## Problem to work on:
Each line below is to be repeated exactly; any picture is to be left out.

## Dataset content:
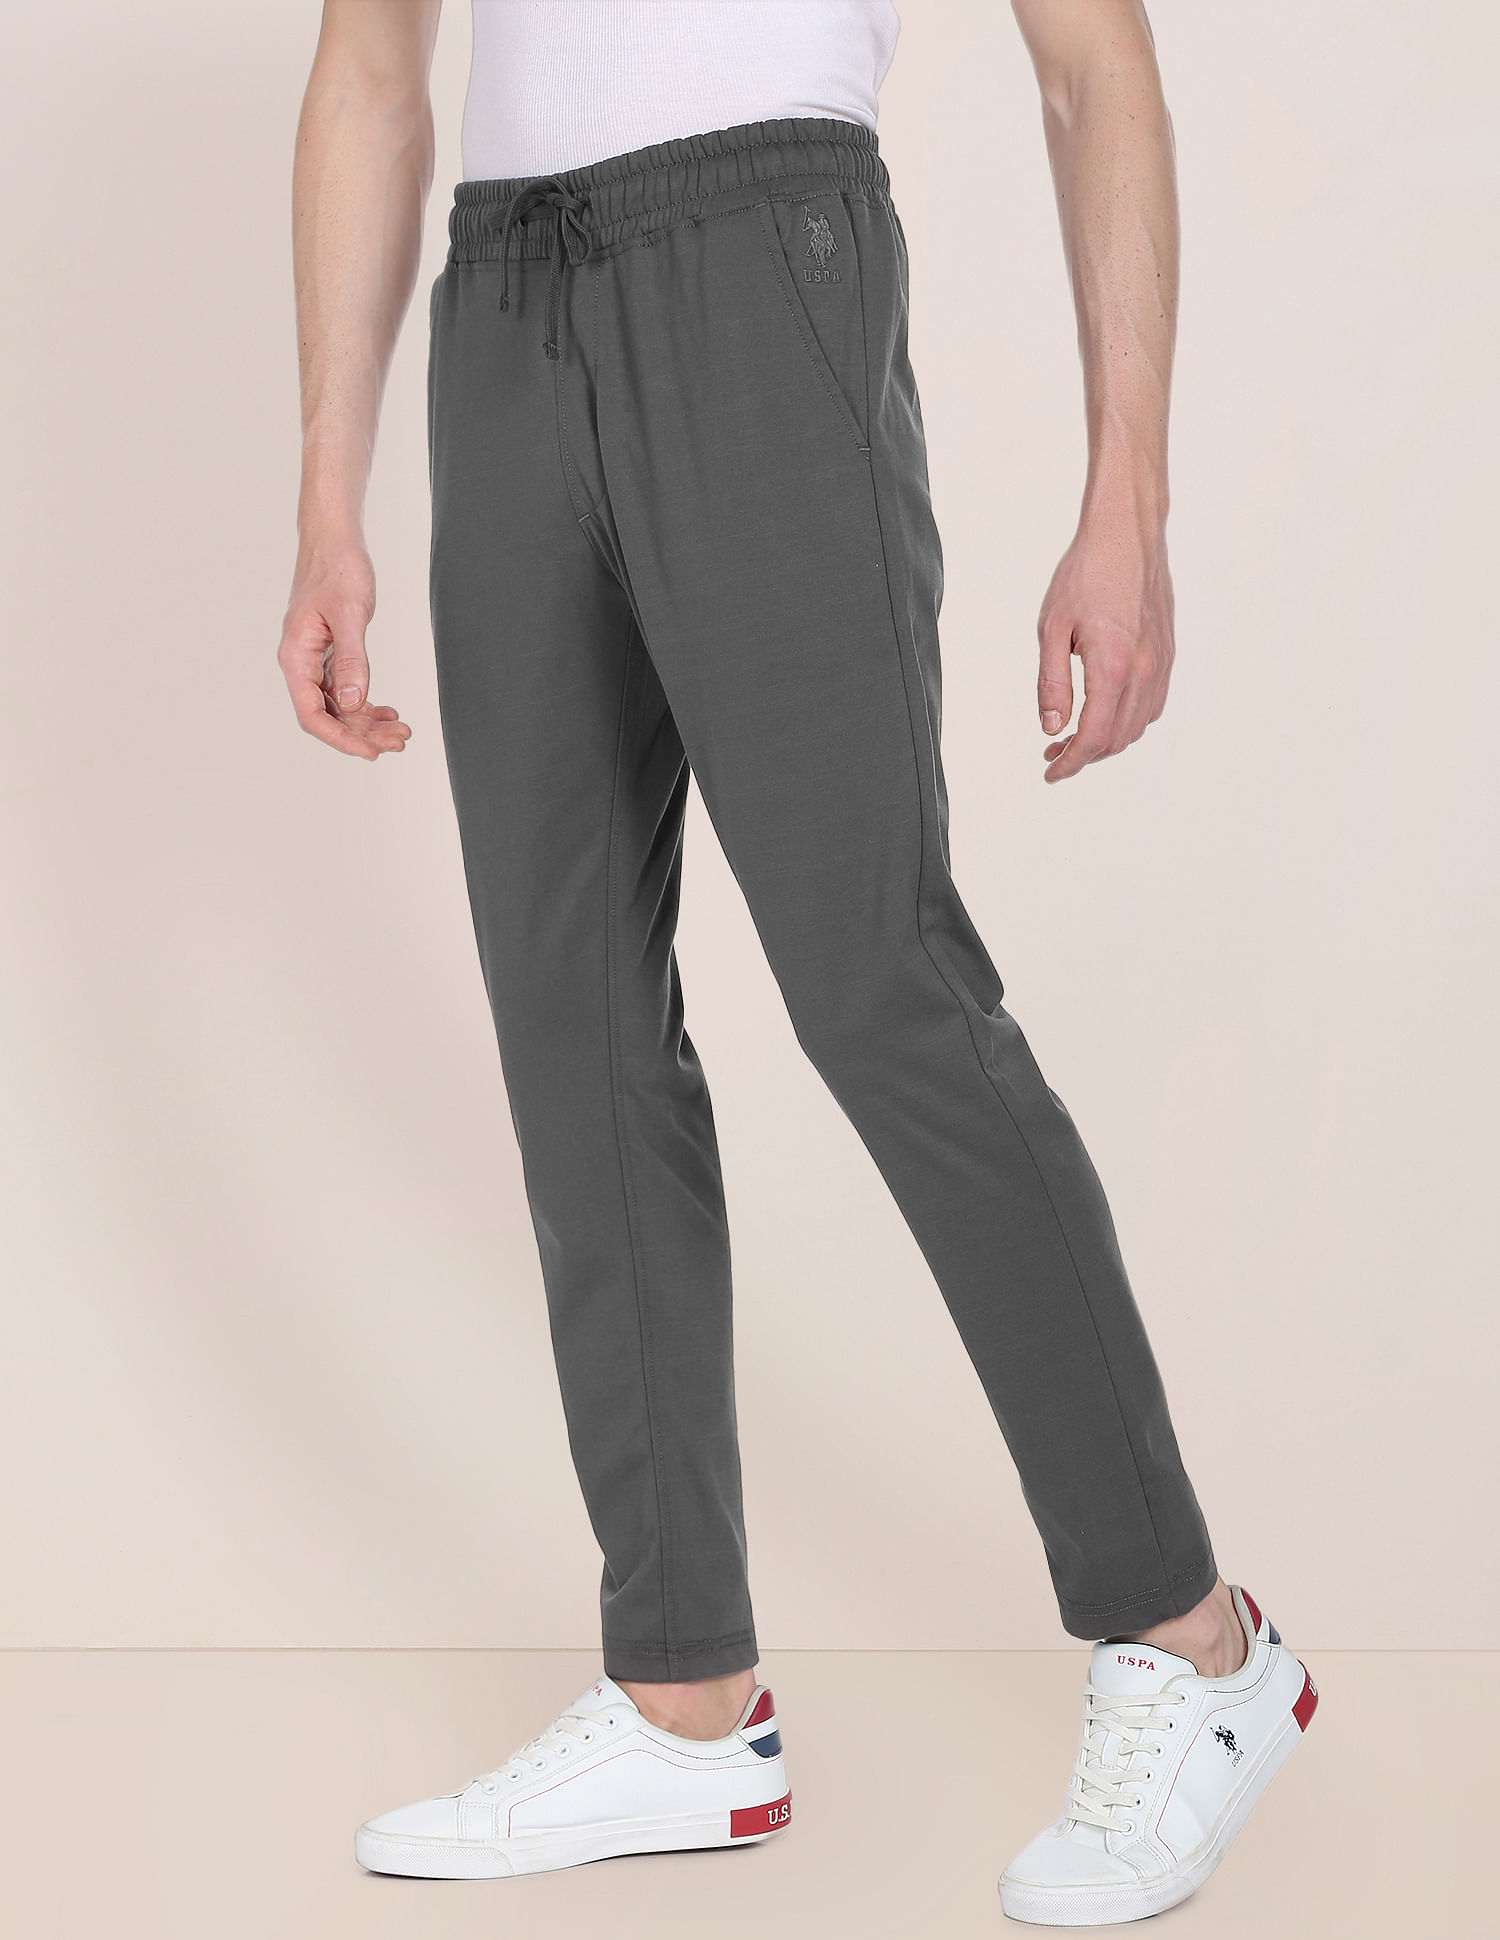 Buy U.S. Polo Assn. Sold Slim Fit Track Pants - NNNOW.com
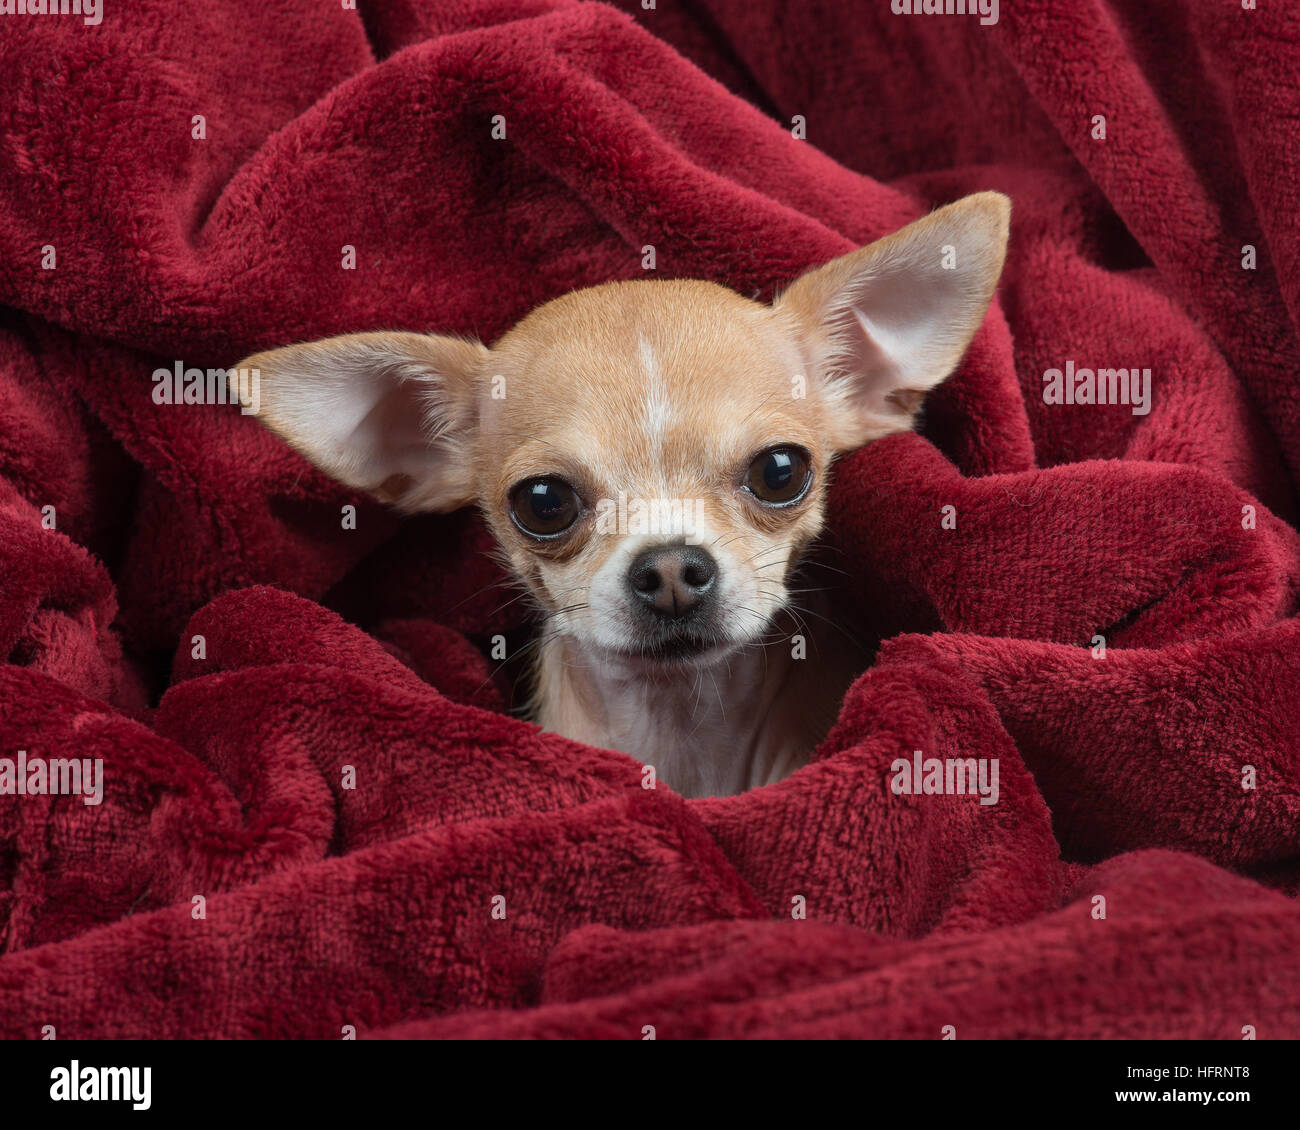 Cute chihuahua wrapped in a deep red velvet blanket Stock Photo
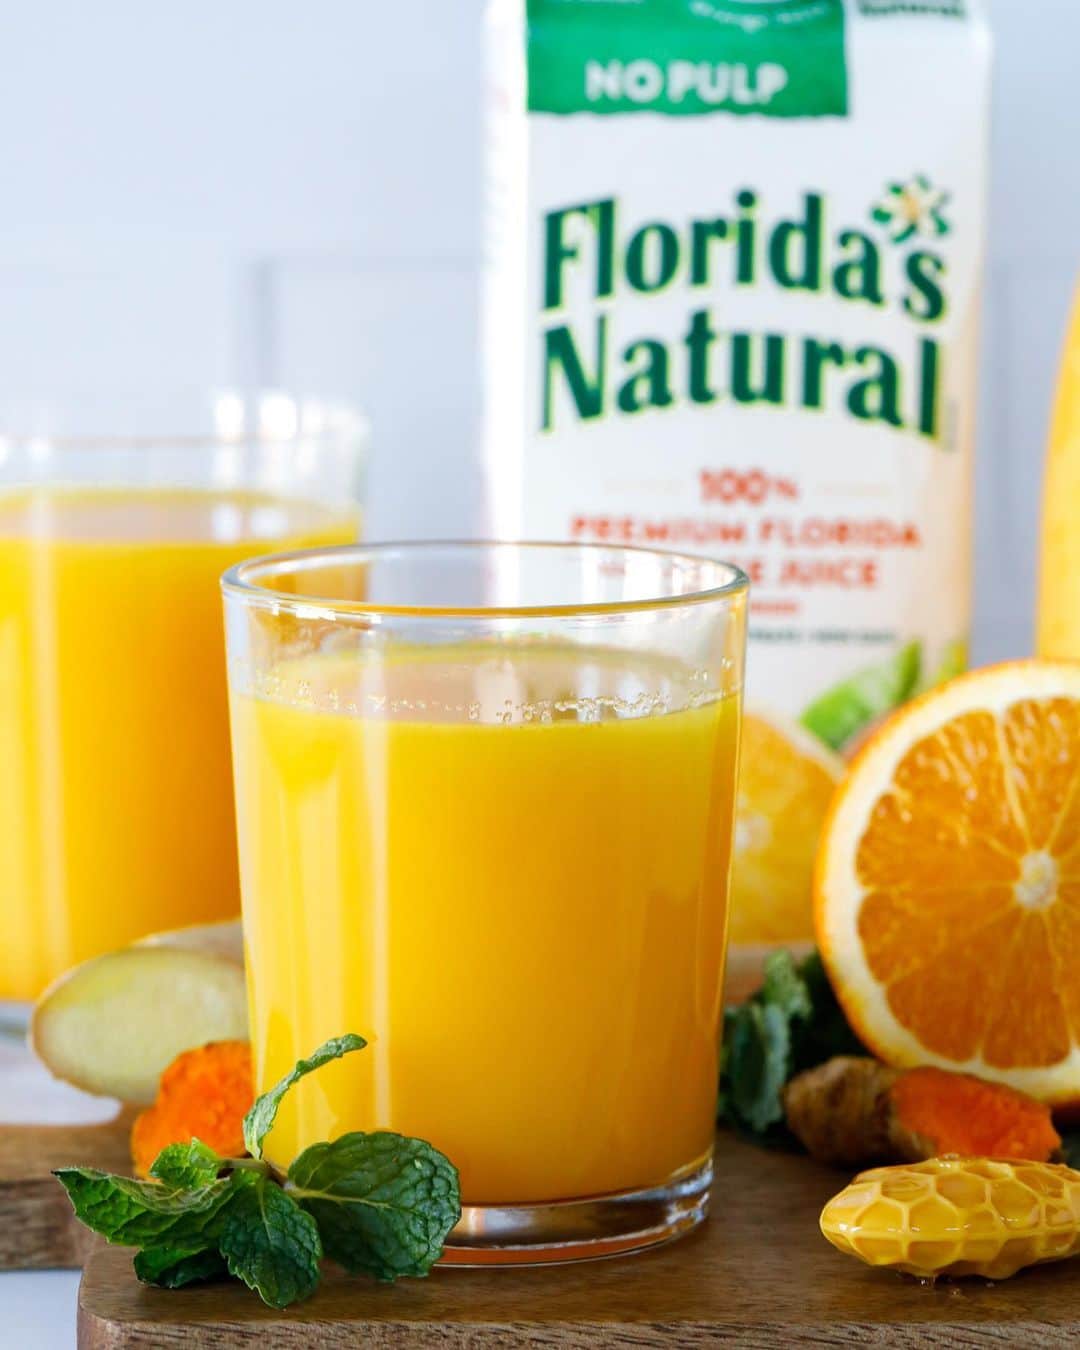 Easy Recipesのインスタグラム：「Looking to give your immune system a boost? Made with @floridasnatural Orange Juice, this Orange-Ade Immune Booster Drink is jam packed with immune boosting ingredients like fresh ginger, fresh turmeric, honey and lemon juice. Floridas Natural Orange Juice has no artificial flavors or ingredients, no added water or preservatives. #FloridasNatural #sponsored  Get more details and full recipe from the link in my bio.  https://www.cookinwithmima.com/orange-immune-booster-drink/」

## Your solution:
 Buy U.S. Polo Assn. Sold Slim Fit Track Pants - NNNOW.com
 Cute chihuahua wrapped in a deep red velvet blanket Stock Photo
 Easy Recipesのインスタグラム：「Looking to give your immune system a boost? Made with @floridasnatural Orange Juice, this Orange-Ade Immune Booster Drink is jam packed with immune boosting ingredients like fresh ginger, fresh turmeric, honey and lemon juice. Floridas Natural Orange Juice has no artificial flavors or ingredients, no added water or preservatives. #FloridasNatural #sponsored  Get more details and full recipe from the link in my bio.  https://www.cookinwithmima.com/orange-immune-booster-drink/」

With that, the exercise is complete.